My balcony server finally died on my the other day. It has been running 24/7 for four years in all kinds of weather. I wasn't very surprised - in fact I've been waiting for it to happen. The motherboard had died. I've replaced the motherboard, and its back up. But for how long before a disk or something else fails?
I have backup of (mostly) everything here and there, but I would like to have everything on a separate NAS box. One of the most exciting NAS boxes on the market right now is something called Bubba|Two.
Bubba Two is produced by the Swedish company Excito. Its basically a small Linux server with a big disk. You can use the slick web-interface, or you can ssh into the NAS and treat it like an ordinary Linux-server. It is a LAMP server with SSH running Debian Etch.

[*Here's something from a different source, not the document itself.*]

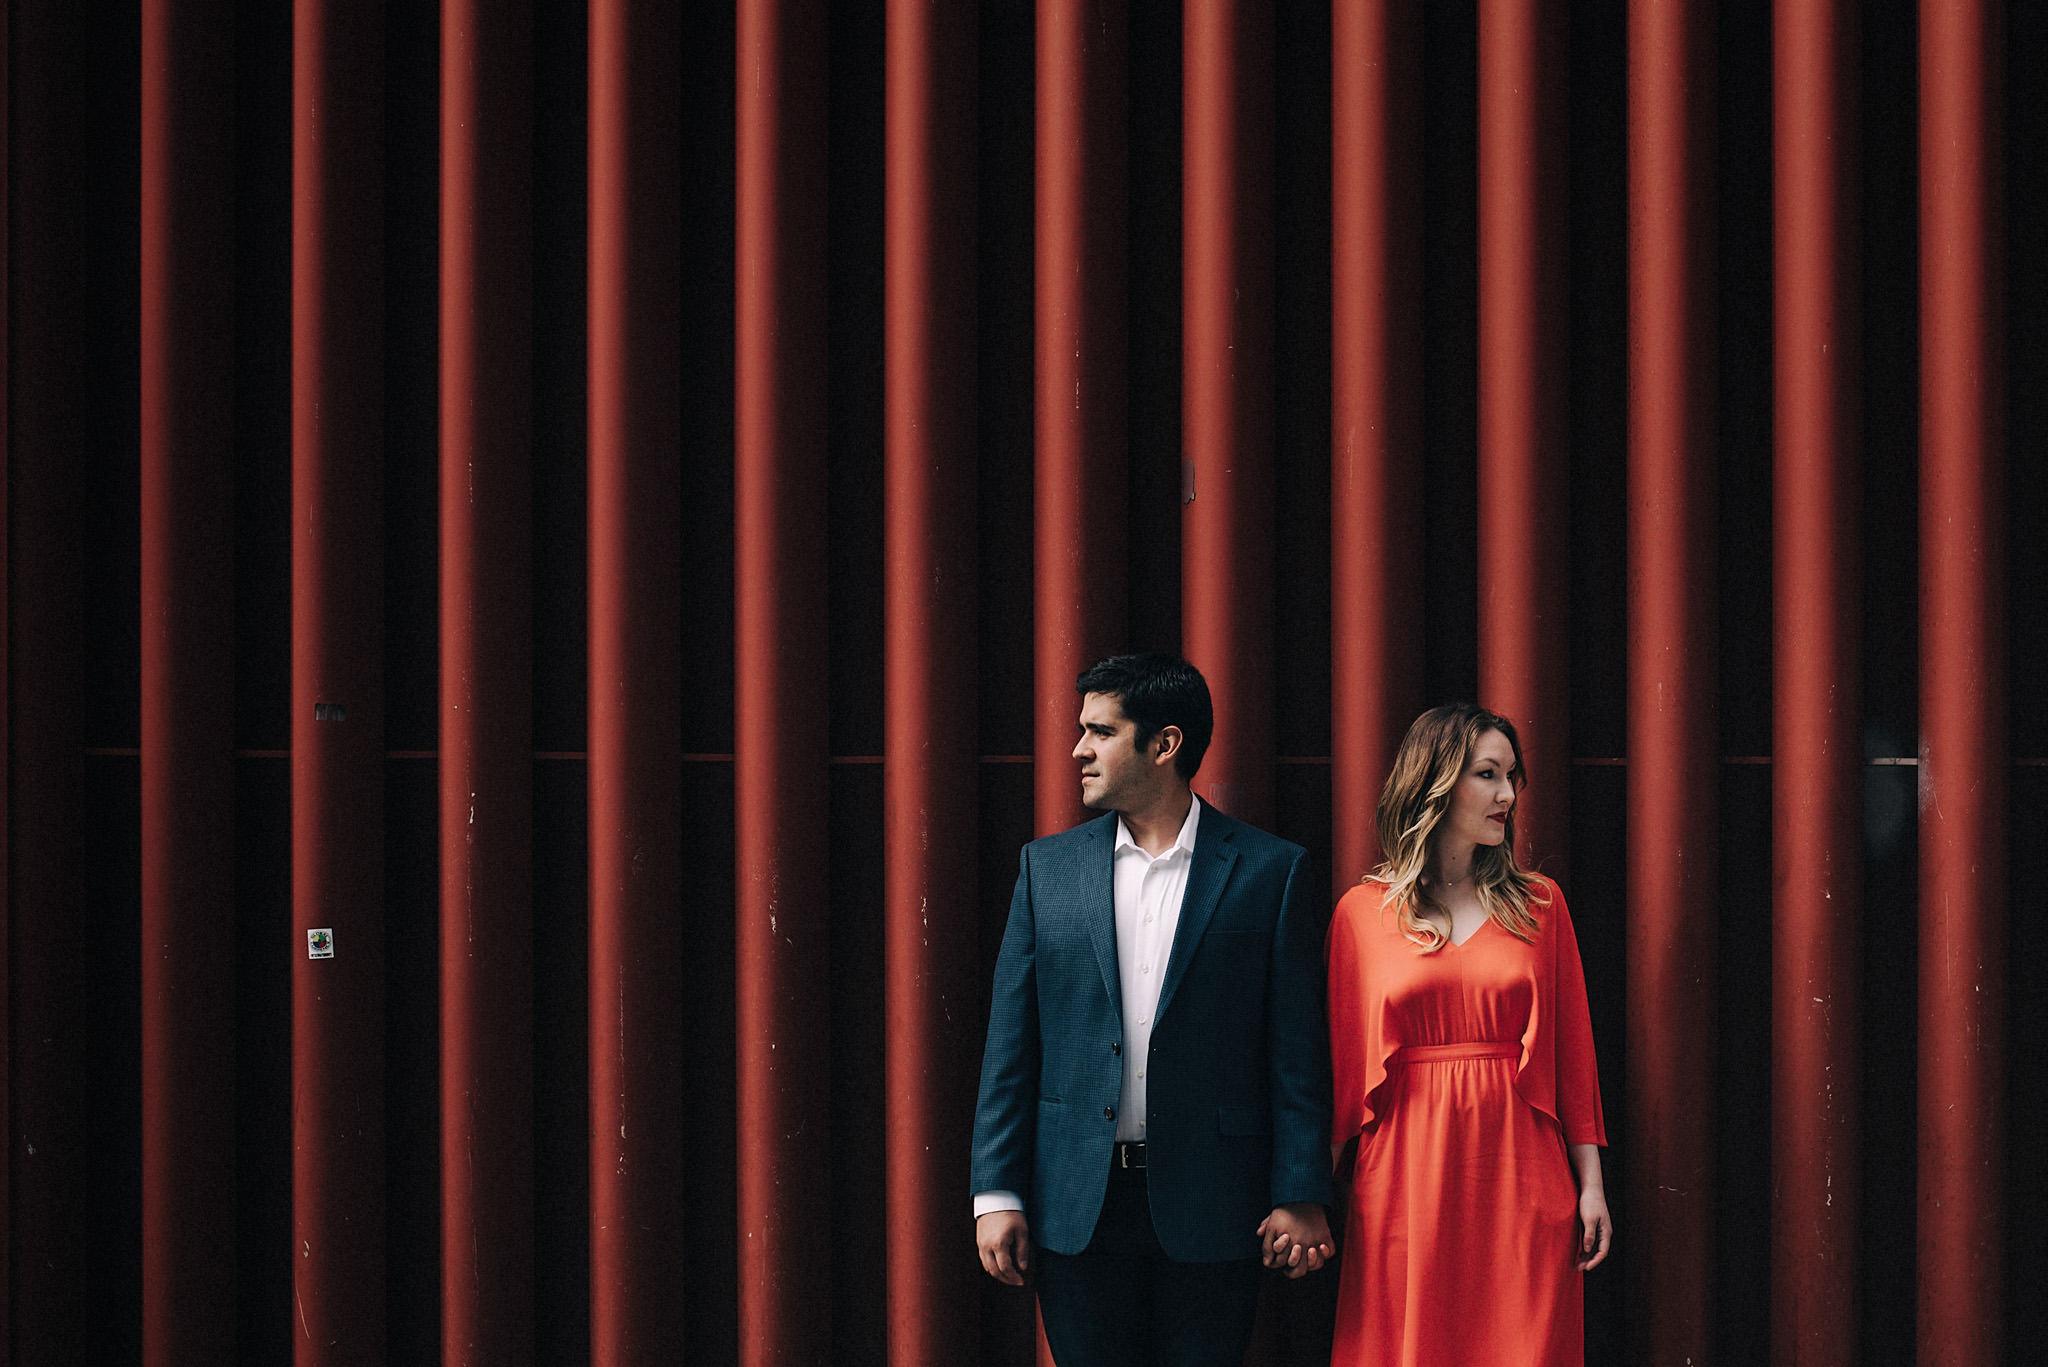 New-York-Photographer-NY-1-Bride-Mother-Candid-Felipe-Carranza

Samba, proftpd and Mediatomb (upnp) provide the box with file-server capabilities. It even have Squeezecenter installed if you have a Squeezebox (which I happen to have).
Its a ARM processor clocked at 333MHz with 256MB RAM and a 2TB disk. It uses ridiculous low amount of power (max 12W). There is no fan, so the only noise is from the HDD itself - which is barely audible.
Since the default apt-repositories are no longer working (Etch is too old), I change sources.list to:
deb http://archive.debian.org/debian/ etch main
I can now proceed to install NFS-server, Munin-node and Bind. A couple of minutes later, and its all running smoothly. Too easy.